I ask him if Olivia has moved in and he says no; she has a remote job and just likes working from his place because the Wi-Fi
is stronger. I’m good at reading between the lines so I sense there’s some resentment there, like Chris wants his space. I
bet she’s messing up his routine and it’s getting under his skin. The thought makes me bounce a little in my knees, a jovial
kind of jitter.
“How are Tara, Hal, and Jenni doing?” he asks. Hearing Jenni’s name scrapes a little. Not like a fresh wound but not an old
one either. It mostly catches me off guard because I think I’ve only mentioned their names to him once or twice, just in passing.
Chris is a good listener, I’ve got to give him that.
“Jenni defected from the pact.” I briefly fill him in. “But we’re better off without her. You can’t have someone who’s one
foot in, one foot out. She would’ve dragged us all down sooner or later.”
“It’ll be okay,” Chris says, which irks me intensely because why do some people think that “okay” is a good thing? That word scares me senseless. It reeks of forgettable mediocrity. My biggest fear in life is to be “okay.” I’d never get books written about me for that.

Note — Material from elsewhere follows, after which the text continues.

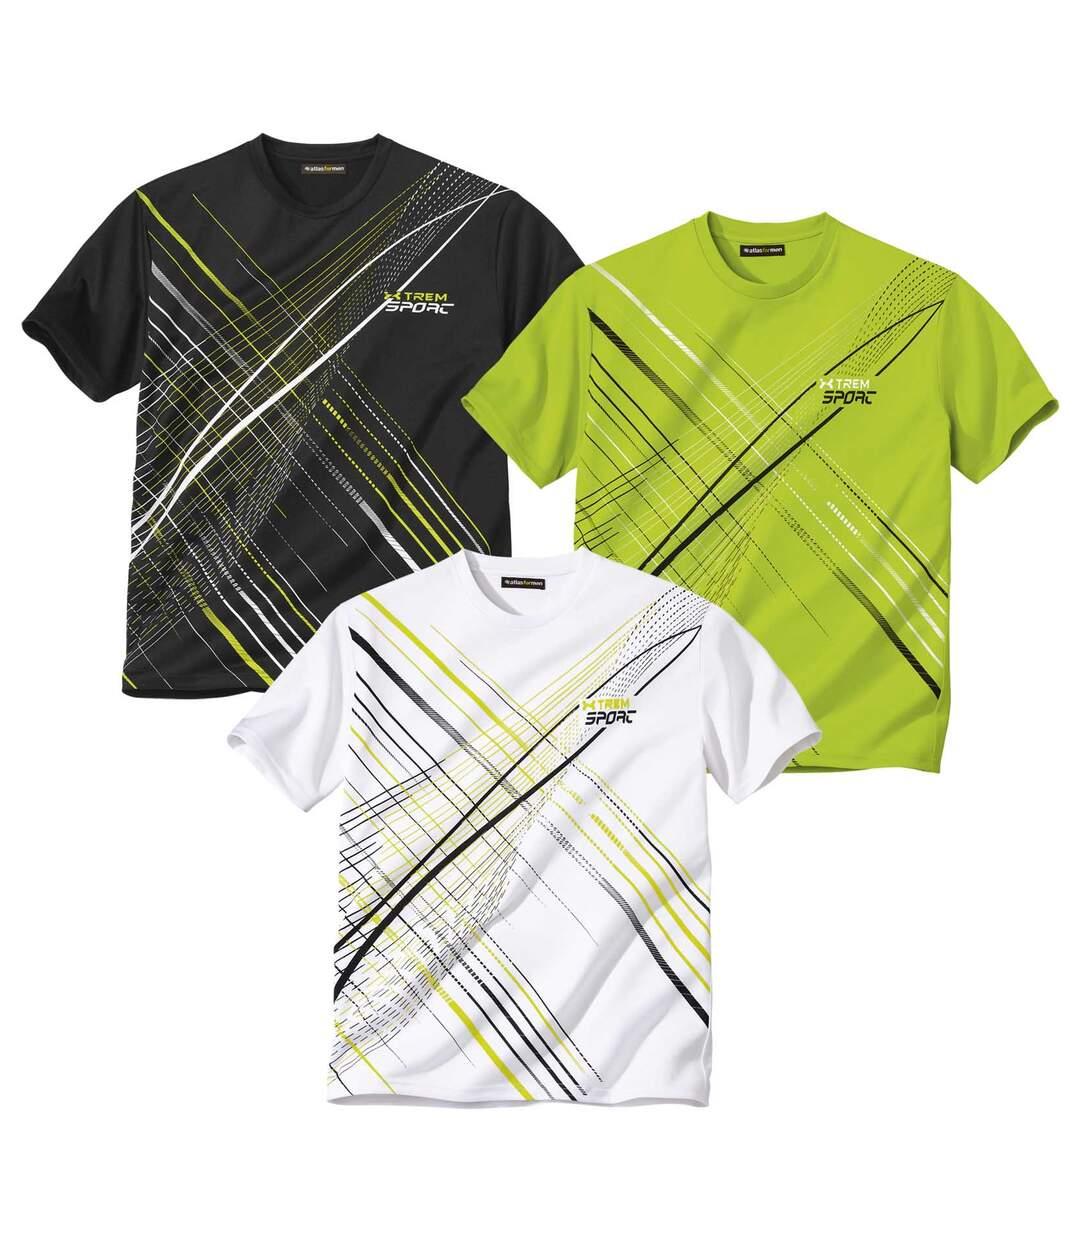 Pack of 3 Men's Sporty T-Shirts - Green Black White Atlas For Men

Sharpening the blade on my tongue, I tell him that of course it’s not going to be okay; it’s going to be fucking incredible.
A laugh spills out of Chris, like it was suddenly uncorked. The sound is a precious thing and I want to hear more of it. But
his Uber arrives so I deposit a few kisses for Arnie on the beautiful black streak that runs between his multicolored eyes.
Chris confirms with the driver that it’s a pet-friendly ride. The driver says yes, and Chris thanks him profusely. It all
makes me wish I’d just driven them home myself.
The car door closes and I’m alone again, or at least it feels that way for a few seconds before I remind myself that Hal is
right inside and Tara should be back from rehearsal soon.
Chris texts me as I’m walking inside.
Good seeing you again!
It’s a lot for Chris to use an exclamation point and it makes me feel all inflated on the inside, like a hot-air balloon soaring
up over the city, seeing how everything connects from the sky in ways you never can down here on the street level.
U2, I reply, but I don’t like how cold that sounds, so I add two smiley face emojis and call it a night.